__Supplied material__
Content starts
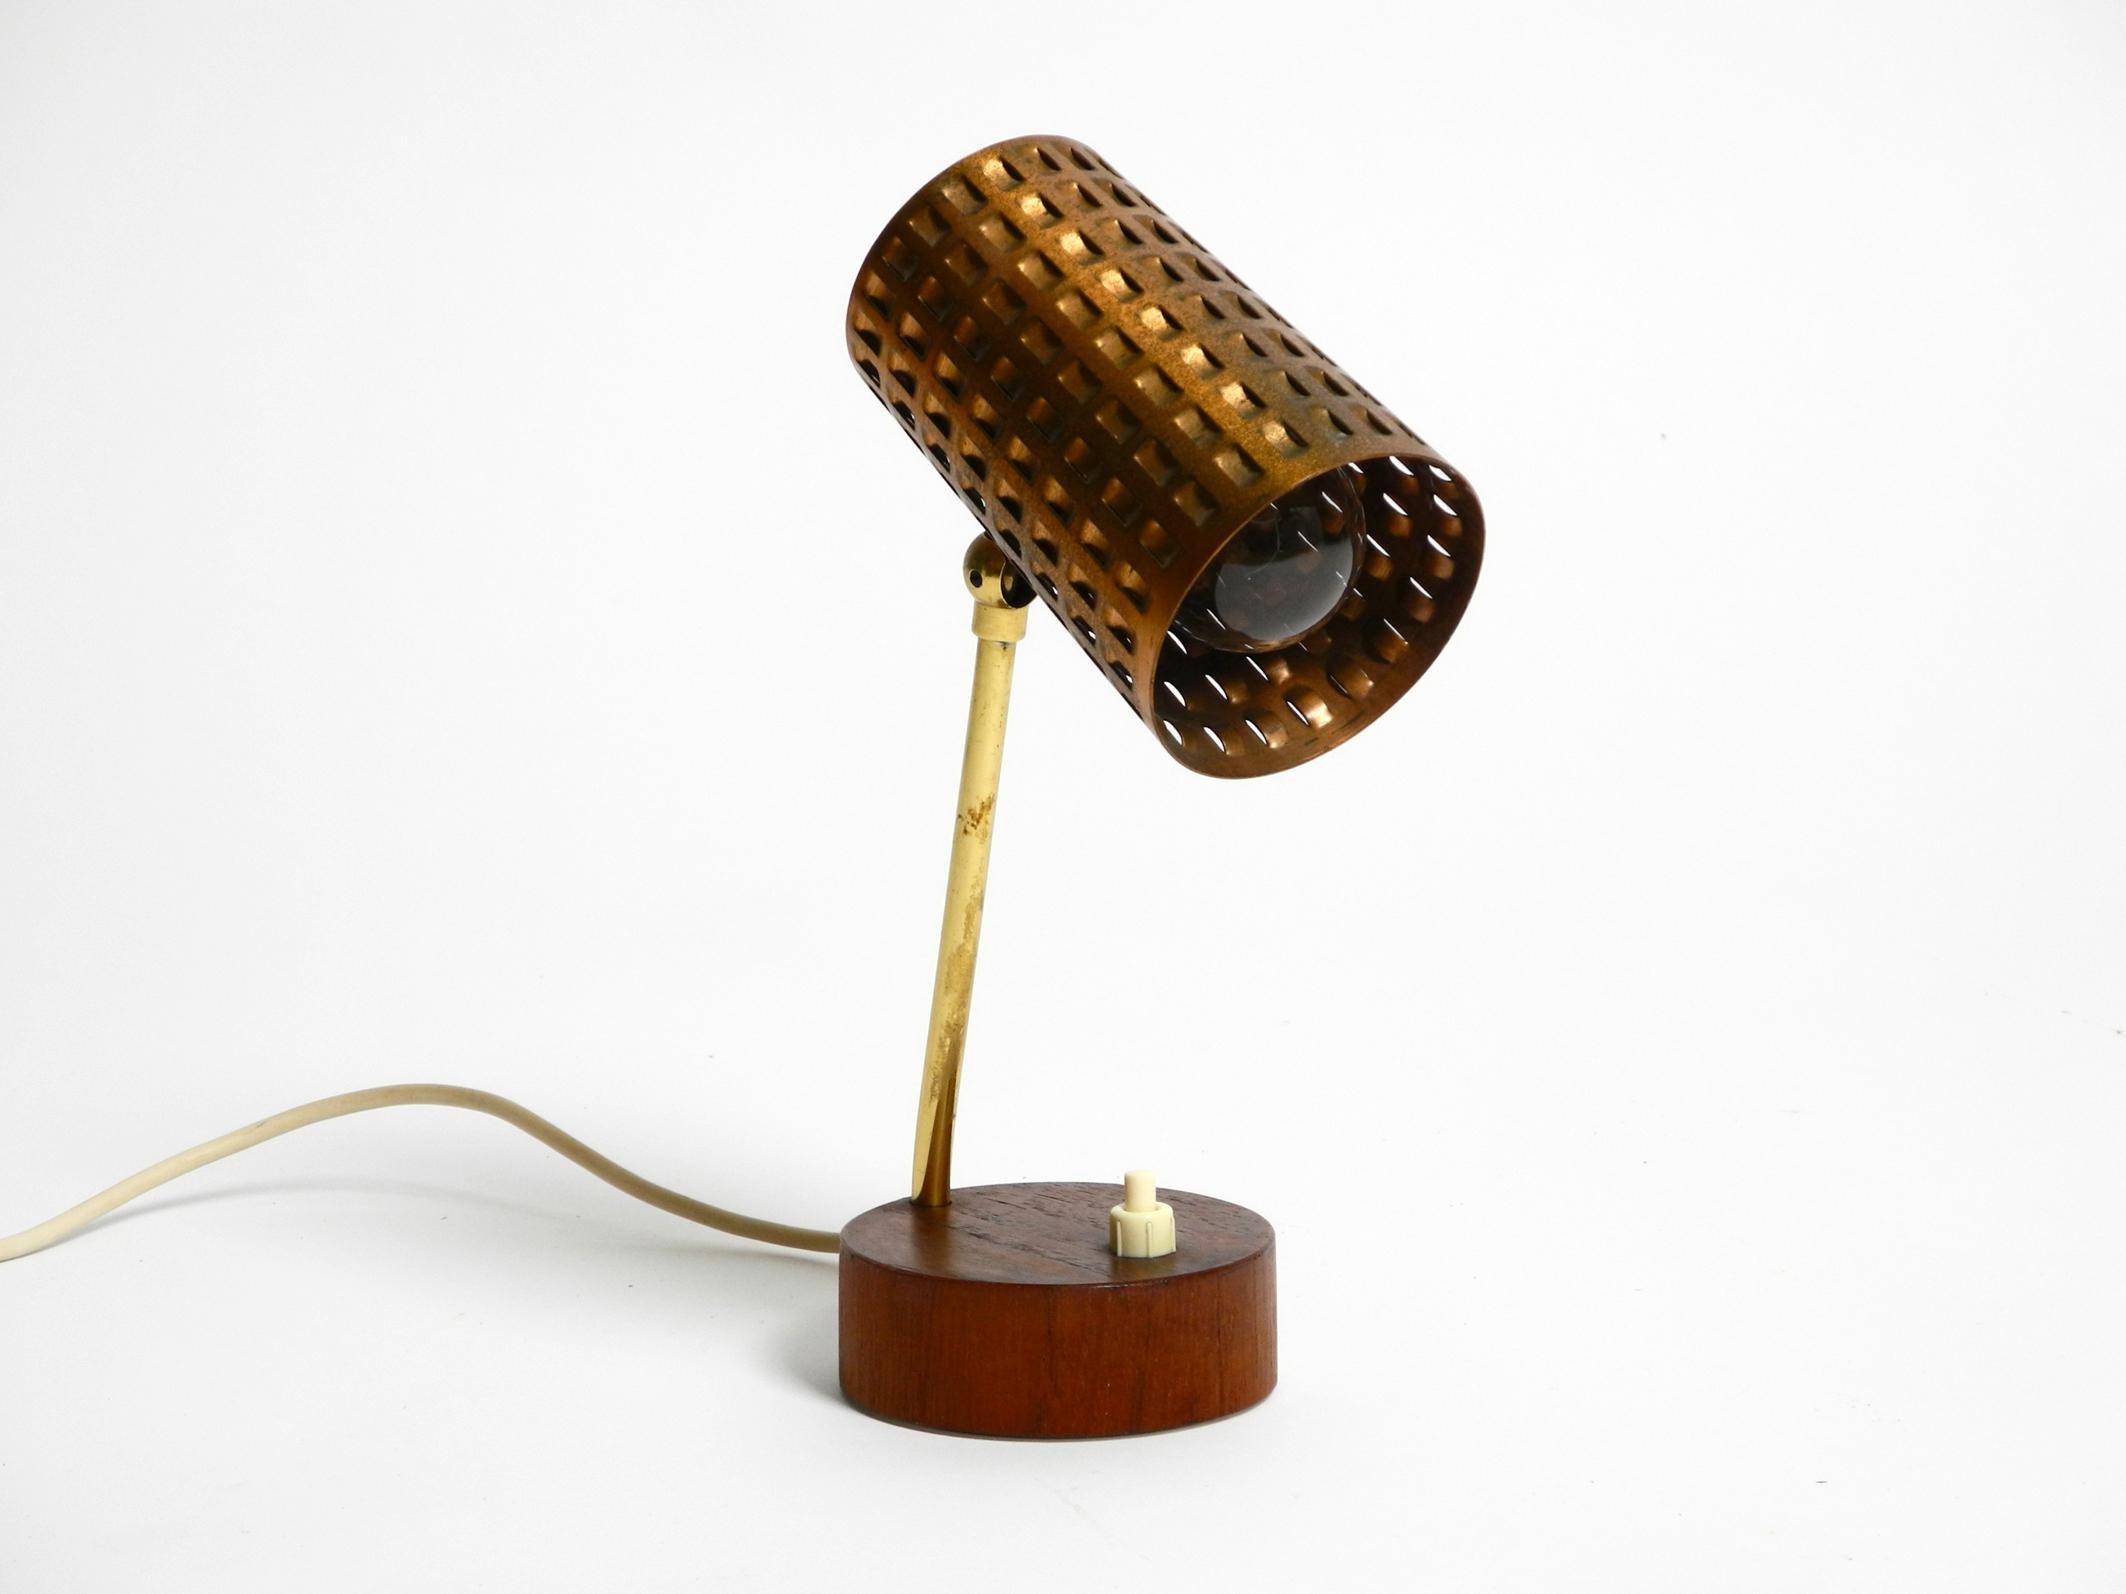 Rare, beautiful Mid Century Modern table lamp with perforated sheet shade made of copper, neck is made of brass. Base is with teak veneer.
Very nice design from the 1950s with great patina.
The shade can be steplessly adjusted up and down and stays
Content ends
__Exercise prompt__
Copy all of the listing word for word, minus the images.

__Result of the exercise__
 Rare, beautiful Mid Century Modern table lamp with perforated sheet shade made of copper, neck is made of brass. Base is with teak veneer.
Very nice design from the 1950s with great patina.
The shade can be steplessly adjusted up and down and stays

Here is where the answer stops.